- Origin: Minneapolis, Minnesota, United States
- Genres: R&B; funk; soul; new wave; pop; rock; Minneapolis sound;
- Years active: 1986–1989
- Labels: Paisley Park/Warner Bros.; Motown;
- Past members: Lenny Holmes; Sir Casey Terry; Jerome "Romeo" Cox; Craig "Screamer" Powell; Kevin Patricks; Tony Christian (born Bruce DeShazer); Marr Starr; Aaron Paul Keith;

= Mazarati =

American band

Mazarati was an American R&B, rock and funk band, formed in the mid-1980s and was active until 1989. The band had seven members and was produced by the former Prince and The Revolution bassist Brownmark. Originally hailing from Minneapolis, they became defunct as a group in 1989. The band's sole hit was a song called "100 MPH", which was written and co-produced by Prince.

==Career==
===1986: Mazarati and Paisley Park===
The band is notable for some of the songs that they did not release. They were originally given the song "Kiss" by Prince in demo form, with melody, lyrics and basic song structure. David Z worked on the song, "starting with a LinnDrum, I programmed the beat and began experimenting. Taking a hi-hat from the drum machine, I ran it through a delay unit and switched between input and output and in the middle. That created a very funky rhythm. Then I took an acoustic guitar, played these open chords and gated that to the hi-hat trigger. The result was a really unique rhythm that was unbelievably funky but also impossible to actually play... The background vocals I adapted from the Brenda Lee song 'Sweet Nothings' " The end result was, "a so-so dance number. "The guitar was dry and gated, and everything else sounded kind of different to the corporate rock that was on the radio at that time." Mazarati's backing vocals were retained on the final song which was released on Parade (1986). The song became a No. 1 hit single and Grammy Award winner. Another song given to Mazarati was an out-take from The Time called "Jerk Out". Their take on the song never made the album, but the track was redone in 1990, once again with The Time who scored their biggest hit with the track, which reached number nine on the Billboard Hot 100. Mazarati's backing vocals were also kept on the released version. Mazarati are name checked on the Prince penned Sheila E. track "Holly Rock".

On July 1, 1986, the group performed "Players' Ball", "I Guess It's All Over", and "100 MPH" live at the premiere party of the movie Under the Cherry Moon, held at the Centennial Theater in Sheridan, Wyoming as part of an MTV contest. A few other live concerts took place that year.

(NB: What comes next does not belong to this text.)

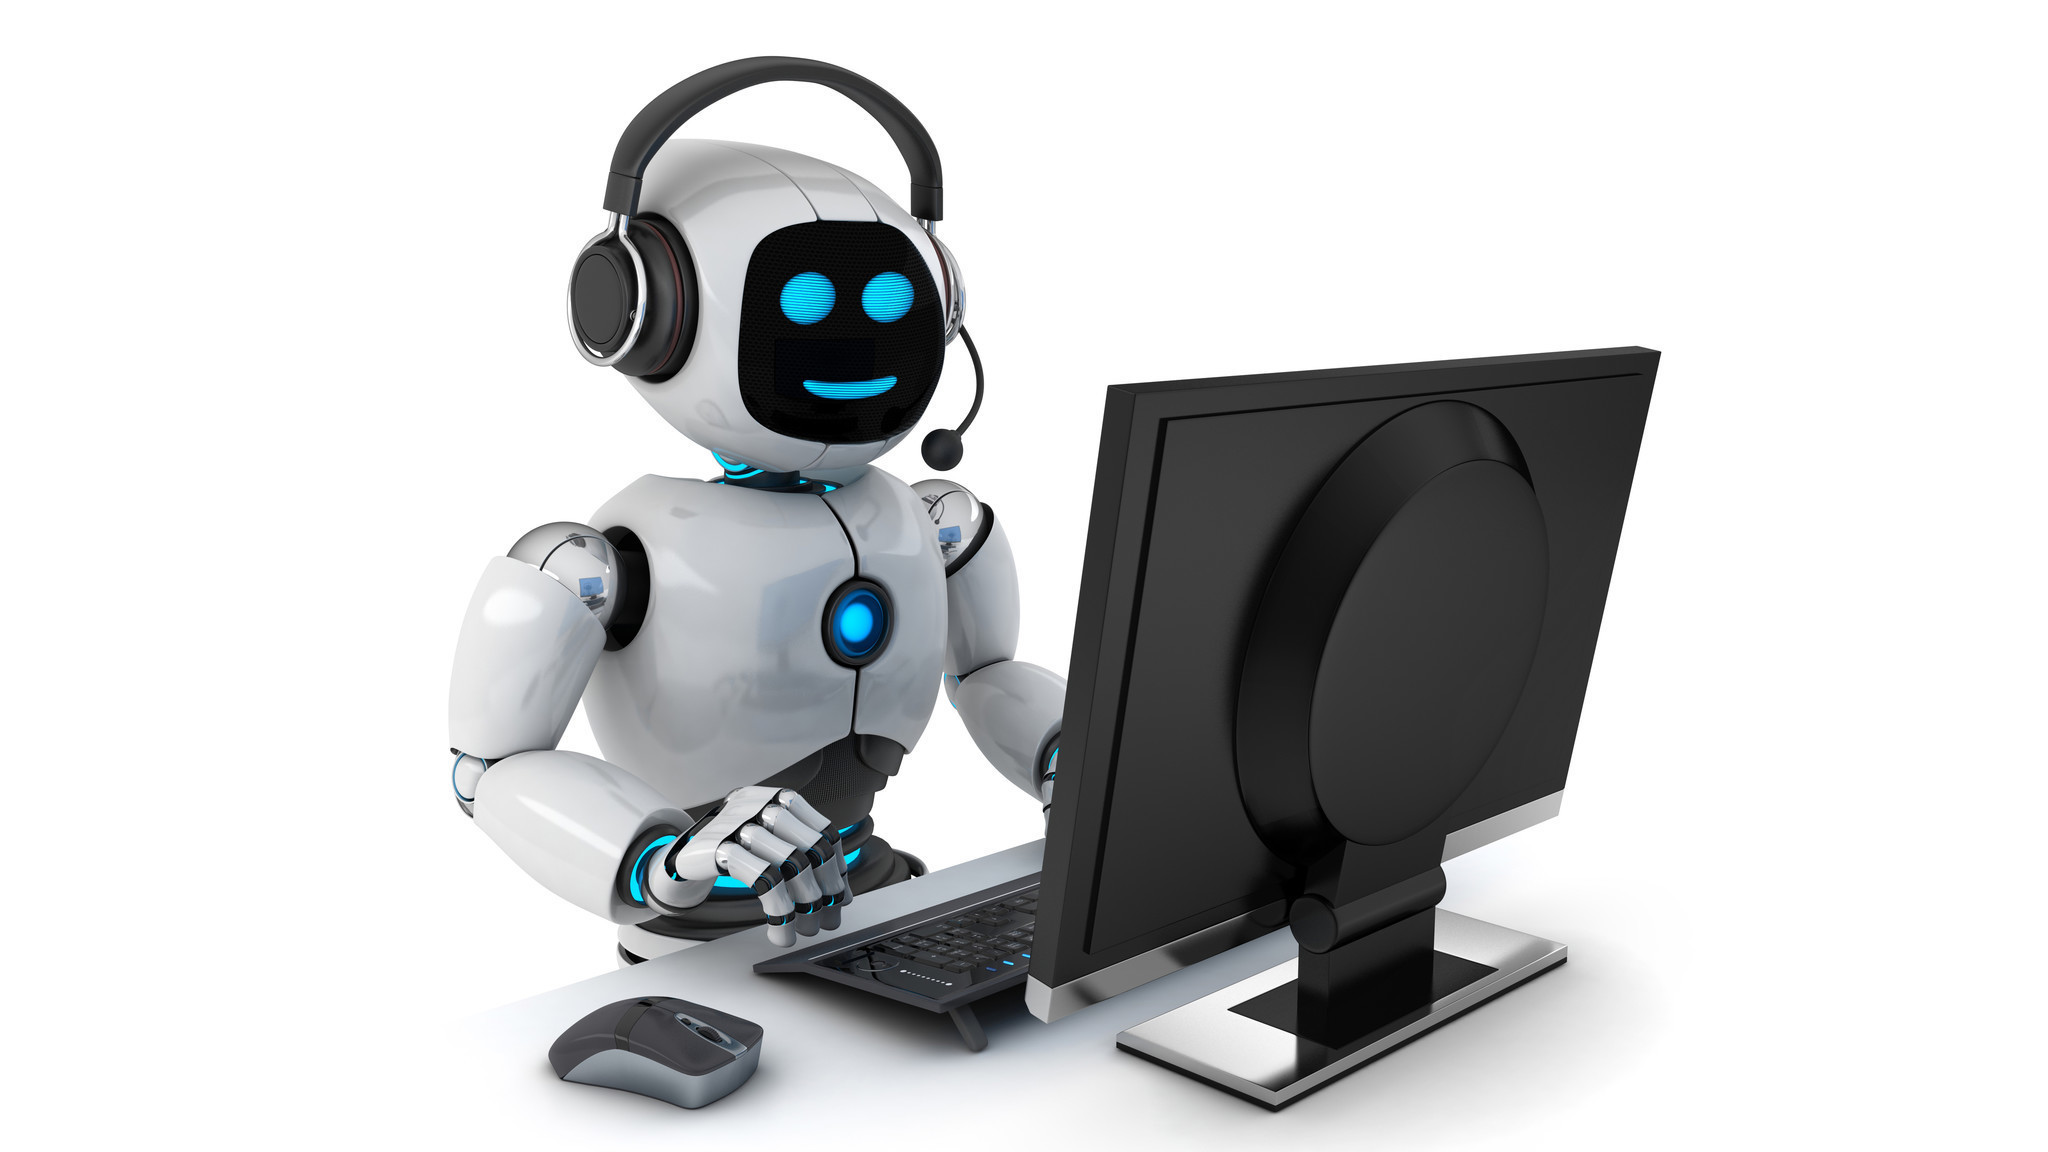 resume matching machine learning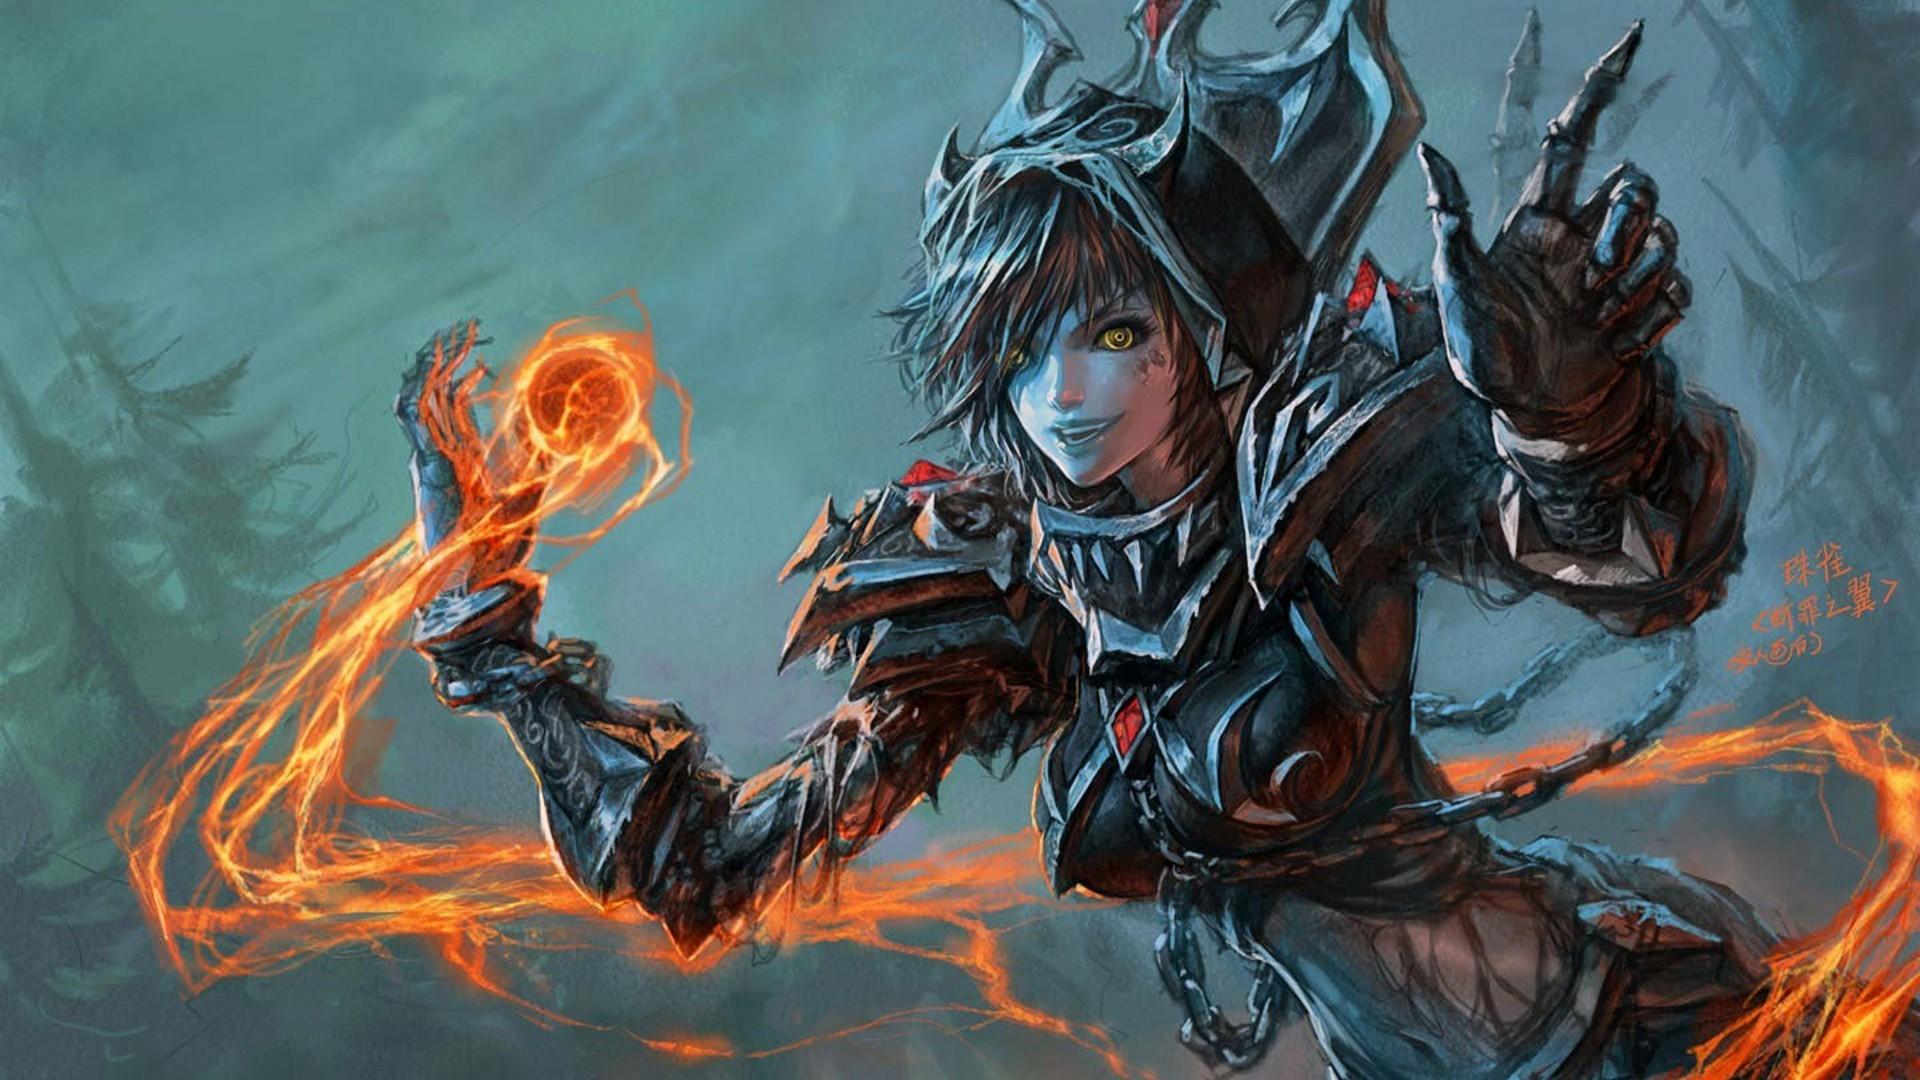 Wallpaper : video games, fantasy art, fantasy girl, anime

===1989: Mazarati 2, Motown Records and split===
The band continued after its association with Prince and signed with Motown Records releasing their second album, Mazarati 2 (1989), including the singles "The Saga of a Man" and "The Woman Thang". This project reflects the music of that era which was directing to the new jack swing-genre. Brown Mark and former Klymaxx-founding member Bernadette Cooper both worked as producers on this album. The project experienced little success, and since the distribution of the LP and CD seems to be limited in quantity and exclusively released as a promo in Canada (before it was withdrawn), these original copies are in demand by collectors.

Members Marvin Gunn and Tony Christian, also known as Bruce DeShazer, formed the musical duo The Wild Pair and recorded a 1989 song with Paula Abdul, "Opposites Attract", for which they voiced the animated MC Skat Kat in the video.

The Prince Family Reunion at the Cabooze was the venue where they reunited and performed again. The tickets were being sold for $2 and they dedicated Christian's house for rehearsals of their live performances.

The Mazarati albums have yet to be reissued due to the collapse of the label and of its joint venture with Warner Bros. Records. In 1990 the first album appeared on CD in Japan through WEA International.

==Discography==

===Albums===
- Mazarati (1986), Paisley Park/Warner Bros. Records
- Mazarati 2 (1989), Motown (Canadian release only)

===Singles===
- "Players' Ball" / "I Guess It's All Over" (1986), Paisley Park
- "100 MPH" / "Don't Leave Me Baby" (1986) No. 19 U.S. R&B, Paisley Park/Warner Bros.
- "Stroke" / "Champagne Saturday" (1986), Paisley Park/Warner Bros.